Two years later, the Vikings’ stability at the cornerback position is gone and if the addition of Hughes appeared to be a luxury on the day he was taken, that is no longer the case. Hughes’ emergence into a top-level corner is now a must for 2020, and so is his ability to remain on the field. Hughes has shown some positive flashes in his first two seasons, but the concerning thing is he has only played in 20 of a possible 32 regular-season games because of injury.

Zimmer, a stickler for details from his cornerbacks, showed faith in Hughes during his initial season by giving him two starts in the six games in which he played. Hughes became the first Vikings rookie to have a pick-six in his NFL debut when he intercepted Jimmy Garoppolo in a 24-16 victory over the 49ers in Week 1.

But Hughes’ season came to an end in an October game against Arizona when he suffered a multi-ligament injury, that included a torn ACL, in his left knee. Hughes returned in the third game of last season and played in the final 14 games of the regular season before suffering a broken vertebrae in Week 17 against Chicago that landed him on injured reserve for the playoffs. Hughes had the second interception of his career against the Chargers in a December victory and ended up making three starts.

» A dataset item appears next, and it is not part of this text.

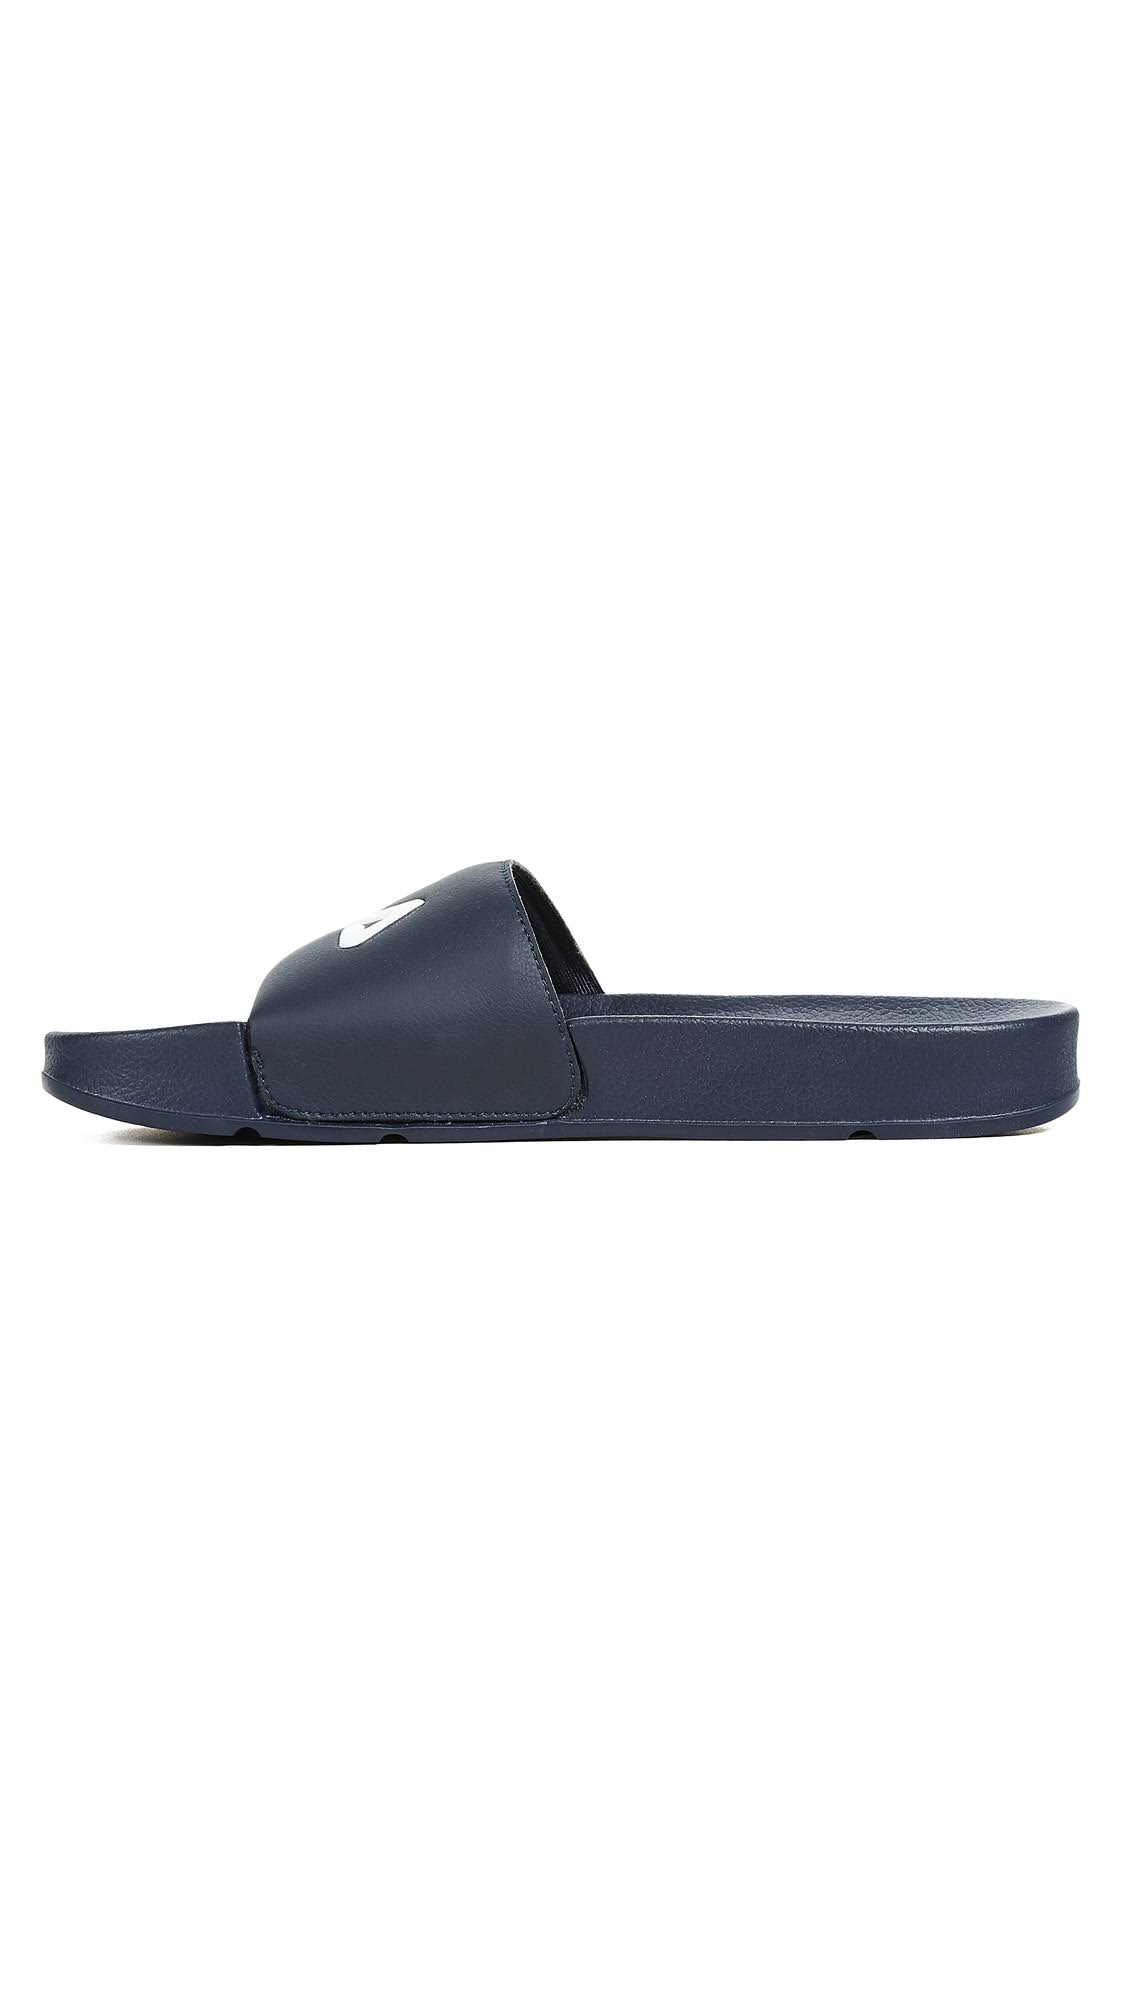 Drifter Sandals Navy 422u18 1vs10000 Fila Men's 514zxwqv

Rhodes’ decline in play also gave Hughes a chance to get more snaps as part of a cornerback rotation the Vikings started to use. Assuming he can stay healthy, there will be no rotation involving Hughes in 2020. He will be an every-down guy. Holton Hill, Kris Boyd, first-round pick Jeff Gladney and fellow 2020 picks Cameron Dantzler (third round) and Harrison Hand (fifth round) will be among those battling for spots. Remember, there are three starting jobs open since the nickel corner plays more than 50 percent of the snaps in today’s NFL.

In Part I of this series, I wrote about the possibility of 2019 seventh-round wide receiver Olabisi Johnson taking a step forward this season. While the Vikings would welcome that, the reality is that Adam Thielen is atop the depth chart at receiver and 2020 first-round pick Justin Jefferson also is being counted on. If Johnson doesn’t take another step, that should not impact the Vikings’ season.

When it comes to Hughes, it’s an absolute necessity that he turns into a reliable corner. Hill and Boyd know the defense, but Hill has had off-the-field issues and Boyd was mostly a special teams player in 2019, after being a seventh-round pick by Minnesota.

Hughes got some valuable experience last season after returning from his knee injury. Dallas quarterback Dak Prescott went after him numerous times last November in the Vikings’ prime-time victory at Dallas. Hughes gave up 11 catches in that game, but Zimmer had the luxury of picking and choosing when he was going to use the 5-10, 189-pound corner.

That luxury is a thing of the past. If the Vikings are going to rebound from their 15th place finish in the NFL last season in pass defense — a 12-spot drop from 2018 — it’s going to be in part because Hughes not only has continued to make progress but he’s also able to stay on the field. If Hughes can do those things, the Vikings will be in a position to have the last laugh on everyone who questioned their decision to take him in the opening round.